Science Moab:   How did you happen upon the Cisco quarry of mammal remains?

Davis:    At Cisco, I was just wandering my way up little drainages following the occasional little piece of turtle shell or a weathered piece of dinosaur bone hoping to find a horizon where things were weathering out of. I climbed up a drainage to the top of a hill following what I was hoping were a few bits of fossils sticking out of the top of the hill and in the crumbly mudstone surface was a teeny little piece of bone, about half the size of my pinky finger. That was the first piece of bone from the locality.   In cleaning the surface, digging around, we found a couple other ends of bones sticking out of the rock here and there, but it turned out to be a very different little micro habitat and collection environment than I was expecting.

I was expecting to find an accumulation…a lens of small bone that had all been washed in one spot together…but it turned out to represent probably a really quiet, backwater, ephemeral pond of some sort that was maybe only around seasonally.  Maybe it was a local source of water.  The animals that would die in that spot would be preserved there. we tend to find somewhat more complete fossils of small things that haven’t been moved very far, which is really important. The energy of transport tends to break apart all these little animals that I’m interested in finding.

Science Moab:   You began exploring in the Cisco area in 2015 because of its Brushy Basin, outcrops and similarity to what has been discovered right across the border in Fruita, Colorado.  (The area just south of Fruita at the base of Colorado National Monument is famous for small, complete, and really exquisite mammal fossils.)  Have you had a chance to compare the Cisco fossils to what has been found near Fruita?  

Davis:  It seems like the rocks in this little spot that I found near Cisco represent a very similar micro habitat to what is over in the Fruita area.  The record is still pretty incomplete and we’re dealing with animals that lived so long ago that a lot of them are nothing like anything alive today.  I guess it’s not surprising if whatever little micro habitat we’re sampling in Cisco is really similar to Fruita, you’d expect there to be overlaps in the animals found, and that seems to be the case so far.

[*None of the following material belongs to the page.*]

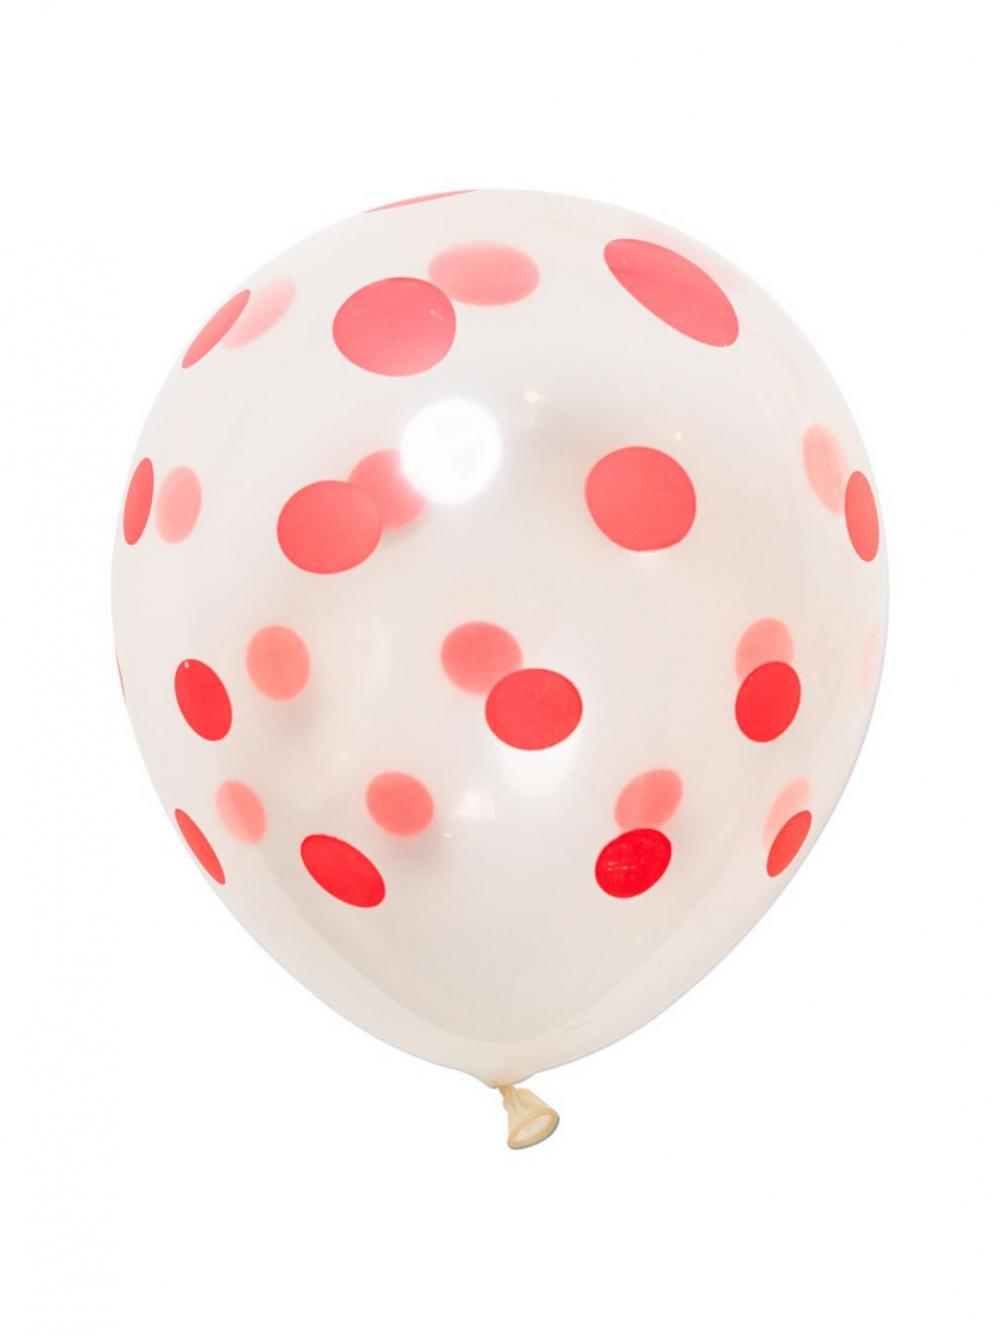 12 Inch Standard Polka Dot Balloons Clear Balloon Red Dot (10PCS)

Science Moab:  What stage is the excavation or exploration of the Cisco quarry?

Davis: There doesn’t seem to be an obvious productive horizon at the Cisco quarry. The bone seems to be everywhere, which is great, but also frustrating. Like any patch of exposed rock on the top of this little hill could be just as good as any other ones. It can be hard to focus on a specific spot. So really it comes down to just working our way through the surface of this little knob and just slowly pushing until we get to the end of the hill then turning around and going another direction for a little while. How much more rock is there to work in the hill? It could stop producing next summer, or it could keep going for 20 years. It’s hard to tell because there’s not an obvious bed that we’re following, but it’s been fairly easy to work because we’re mining the top of this little knob.  So it could be that any little hill nearby could be just as productive or even more productive. 

I may have wasted 10 years on the least productive hill in the area. You just never know.